Provided material:
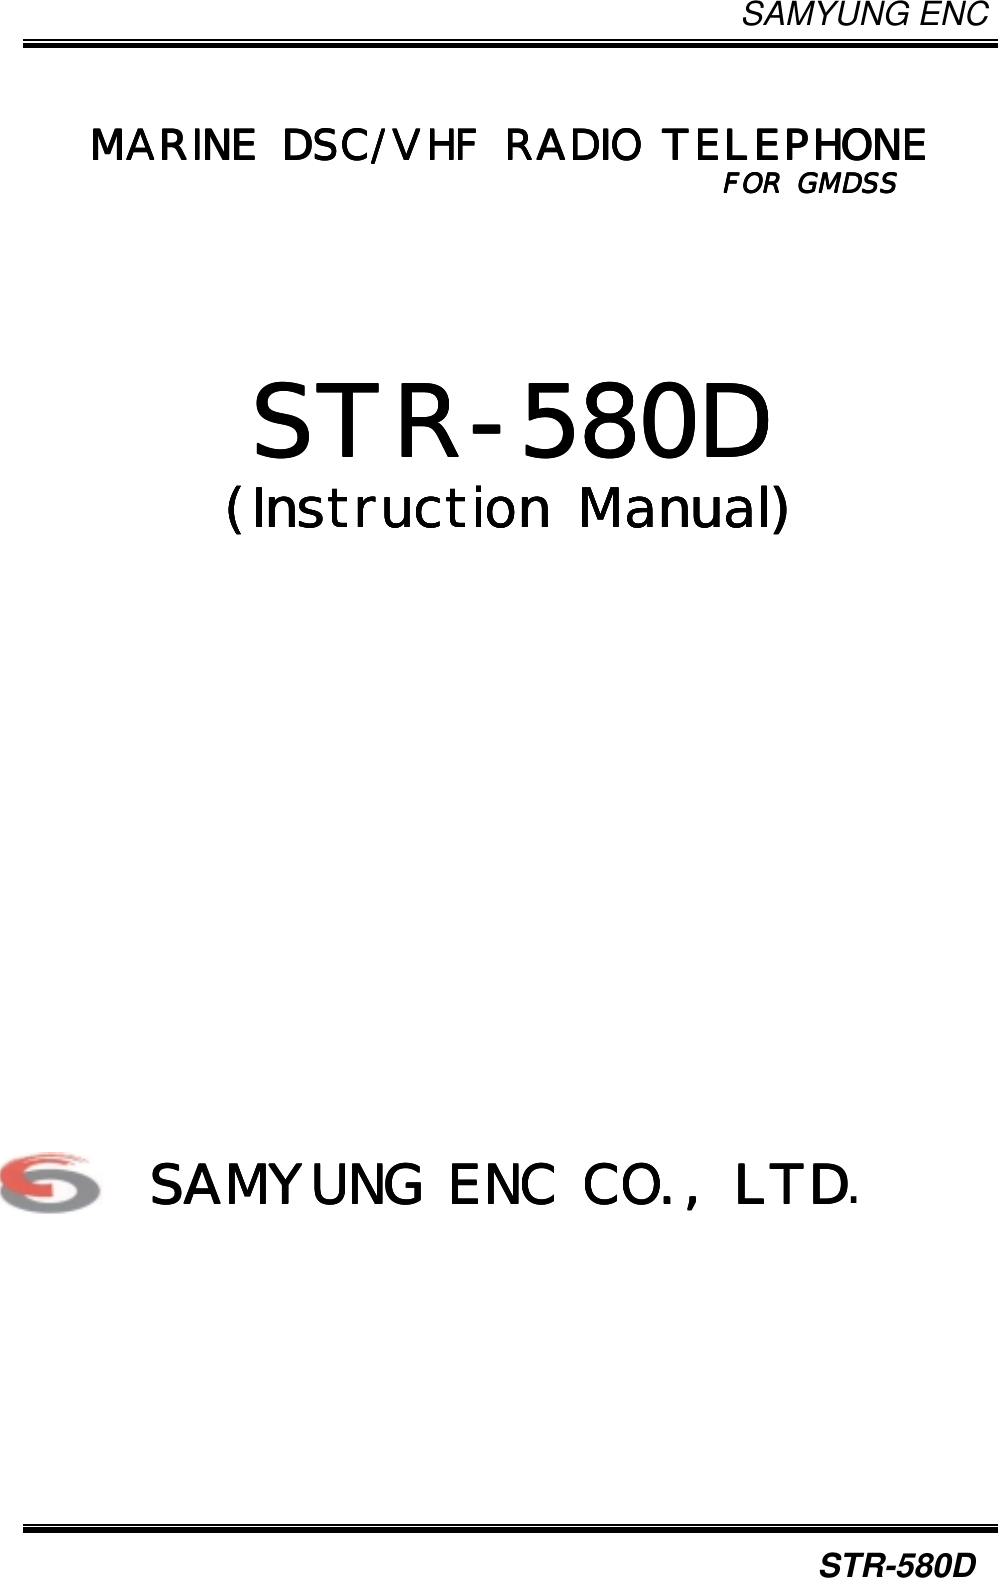 SAMYUNG ENC                                                  STR-580DMARINE DSC/VHF RADIO TELEPHONEMARINE DSC/VHF RADIO TELEPHONEMARINE DSC/VHF RADIO TELEPHONEMARINE DSC/VHF RADIO TELEPHONE                                                                                                                                                                                FOR GMDSSFOR GMDSSFOR GMDSSFOR GMDSS    STRSTRSTRSTR----580D580D580D580D    (Instruction Manual)(Instruction Manual)(Instruction Manual)(Instruction Manual)                 SAMYUNG SAMYUNG SAMYUNG SAMYUNG ENCENCENCENC CO., LTD CO., LTD CO., LTD CO., LTD. 
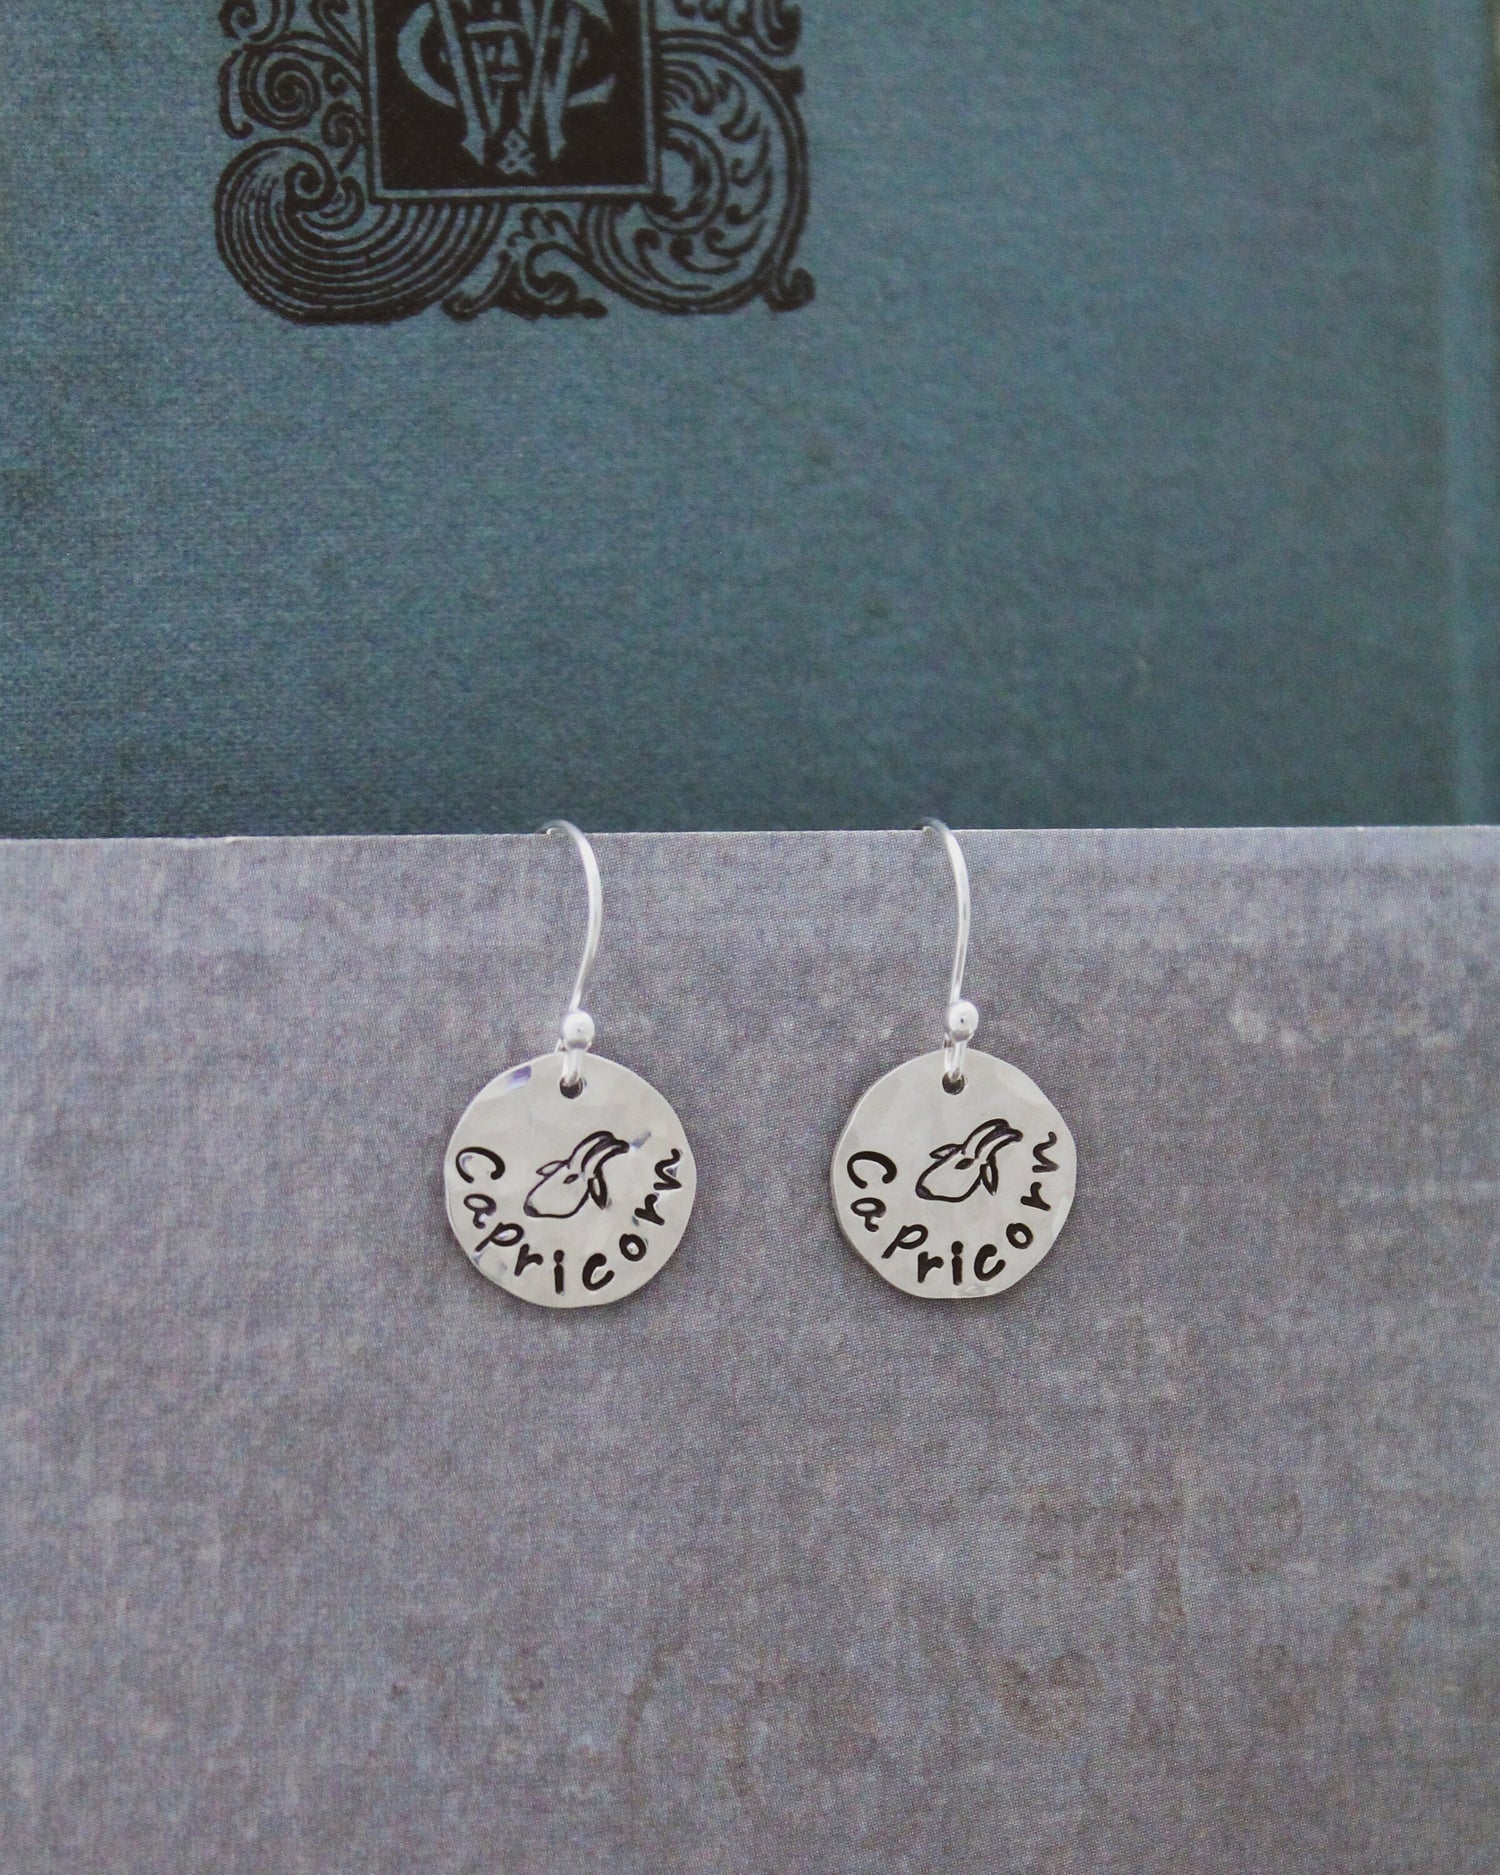 Capricorn Sterling Silver Earrings, Capricorn Zodiac Sign Jewelry, Personalized Earrings, Capricorn Horoscope Zodiac Jewelry Unique Gift Her
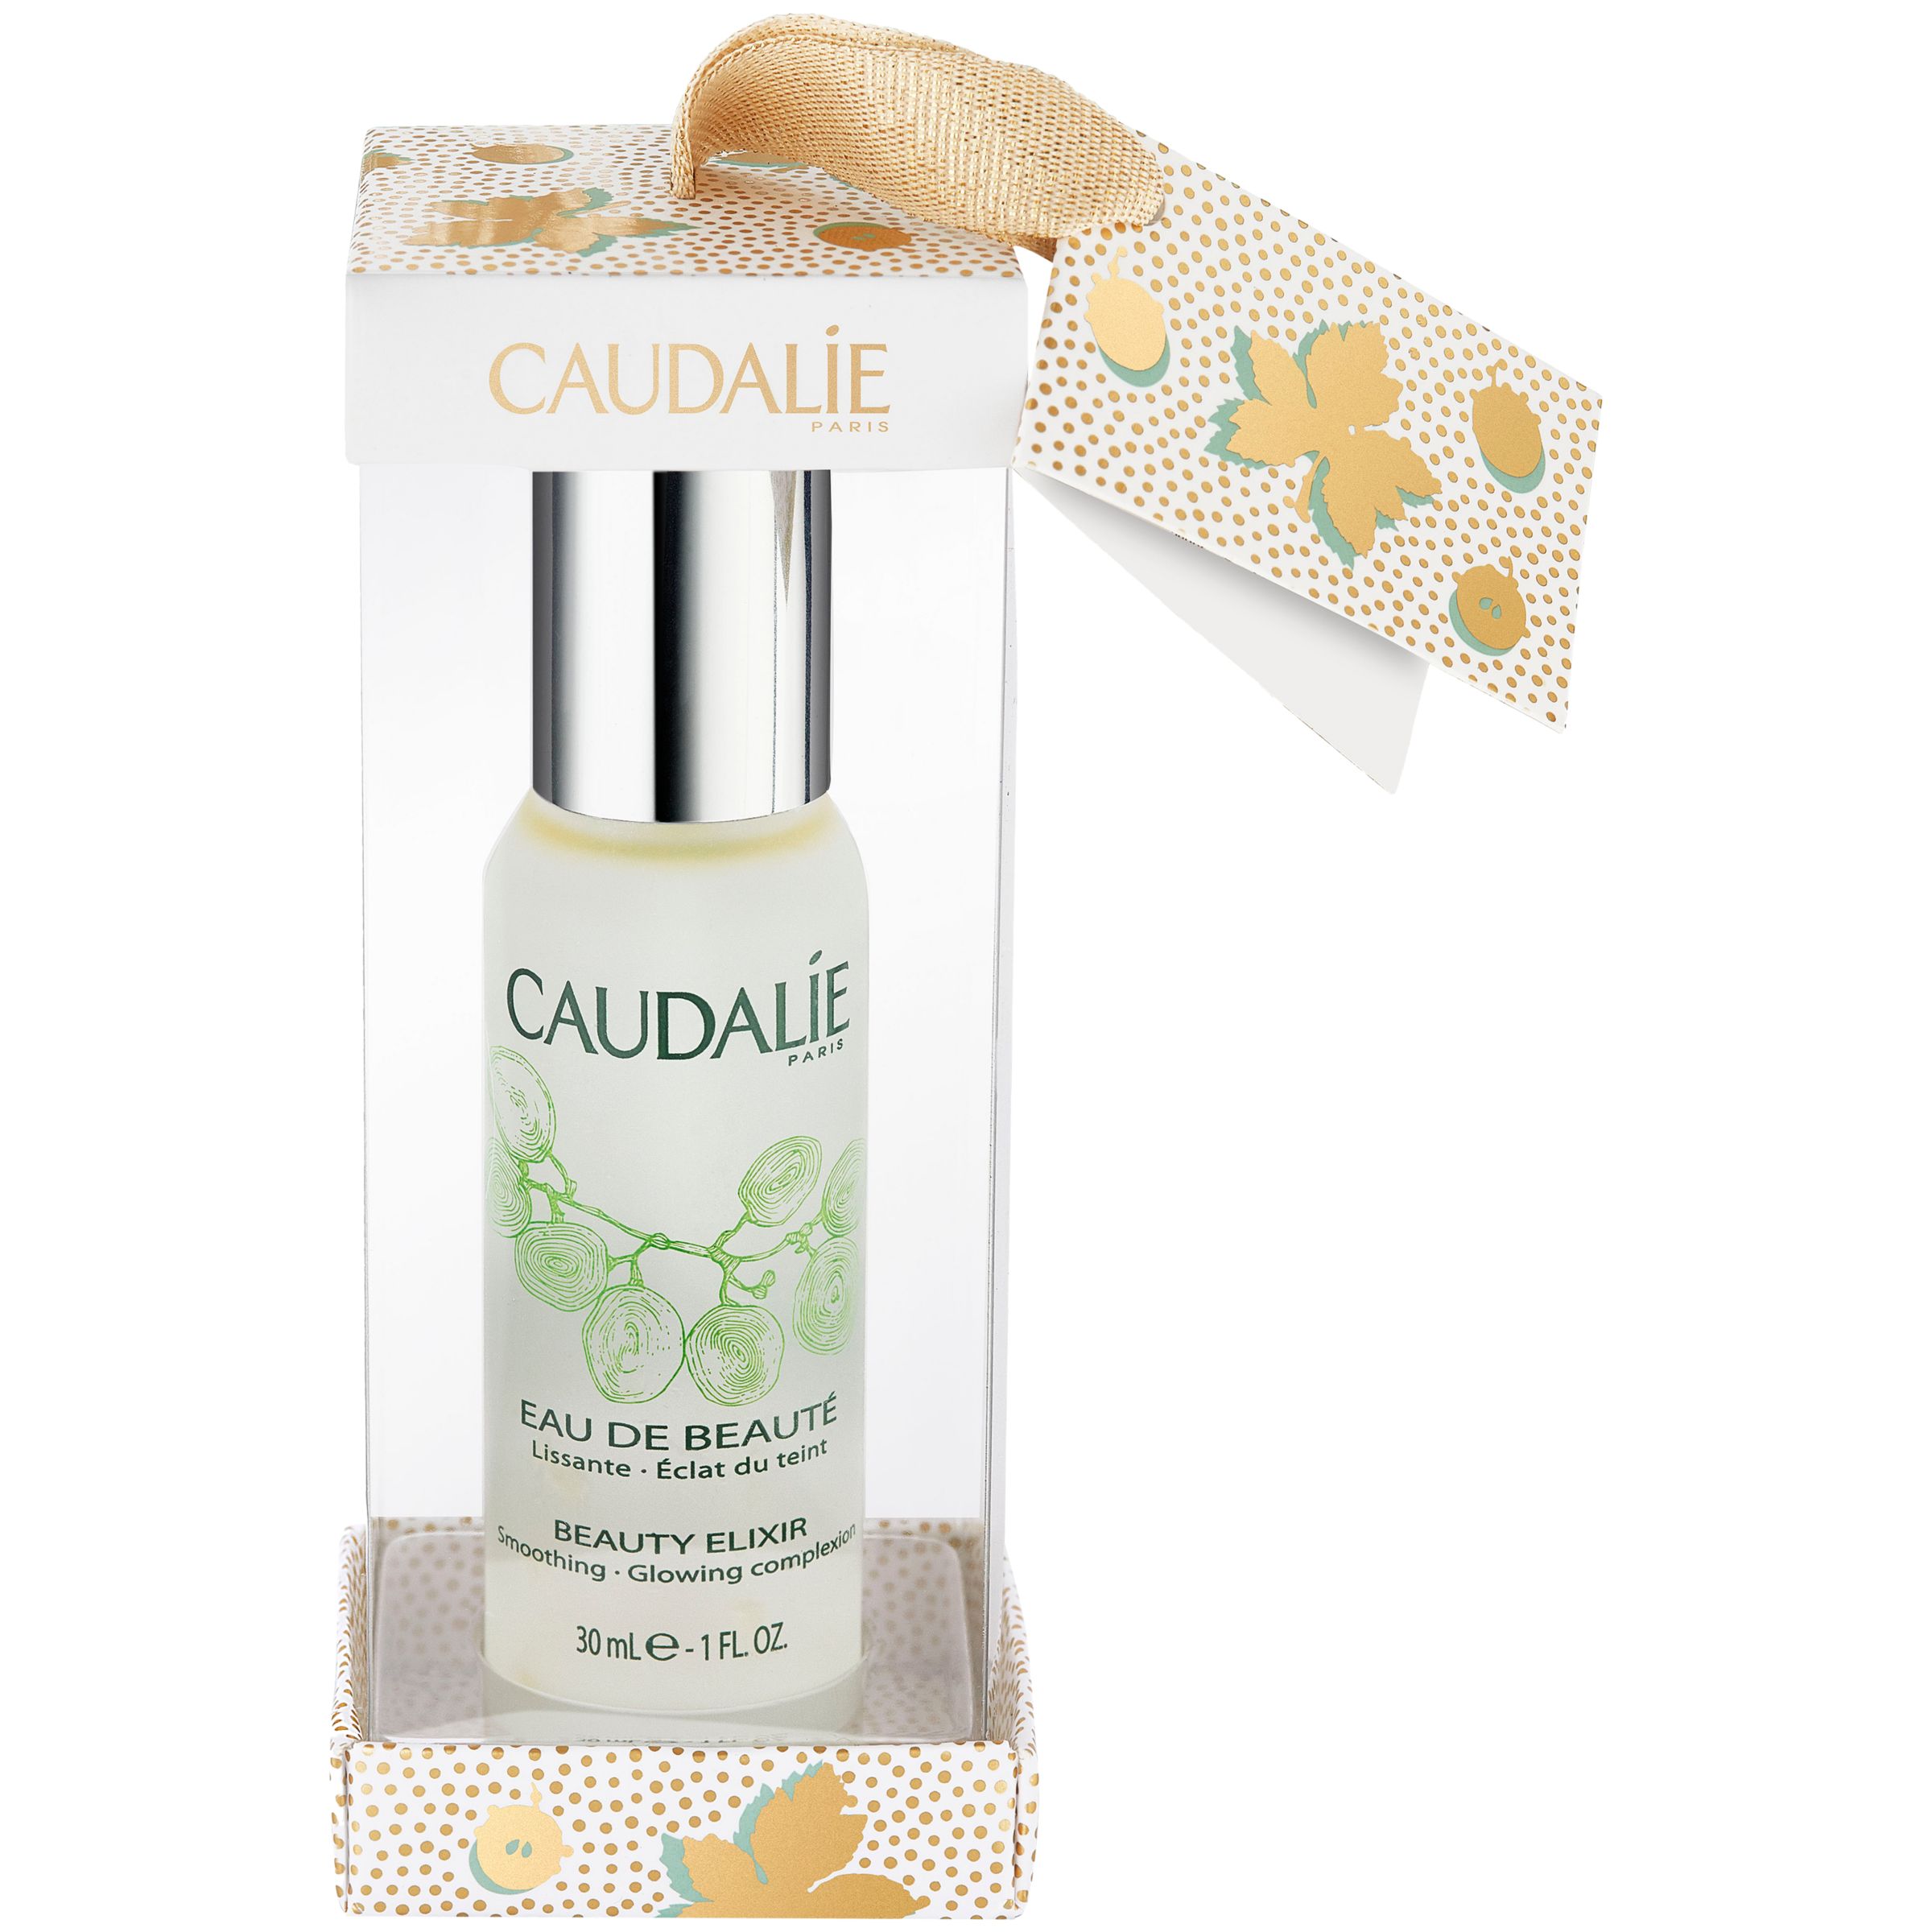 Caudalie Beauty Elixir Bauble, 30ml

What you should do:
A word-for-word copy of the data above is needed, one that omits the pictures.

Response:
 SAMYUNG ENC                                                  STR-580DMARINE DSC/VHF RADIO TELEPHONEMARINE DSC/VHF RADIO TELEPHONEMARINE DSC/VHF RADIO TELEPHONEMARINE DSC/VHF RADIO TELEPHONE                                                                                                                                                                                FOR GMDSSFOR GMDSSFOR GMDSSFOR GMDSS    STRSTRSTRSTR----580D580D580D580D    (Instruction Manual)(Instruction Manual)(Instruction Manual)(Instruction Manual)                 SAMYUNG SAMYUNG SAMYUNG SAMYUNG ENCENCENCENC CO., LTD CO., LTD CO., LTD CO., LTD. 
 Capricorn Sterling Silver Earrings, Capricorn Zodiac Sign Jewelry, Personalized Earrings, Capricorn Horoscope Zodiac Jewelry Unique Gift Her
 Caudalie Beauty Elixir Bauble, 30ml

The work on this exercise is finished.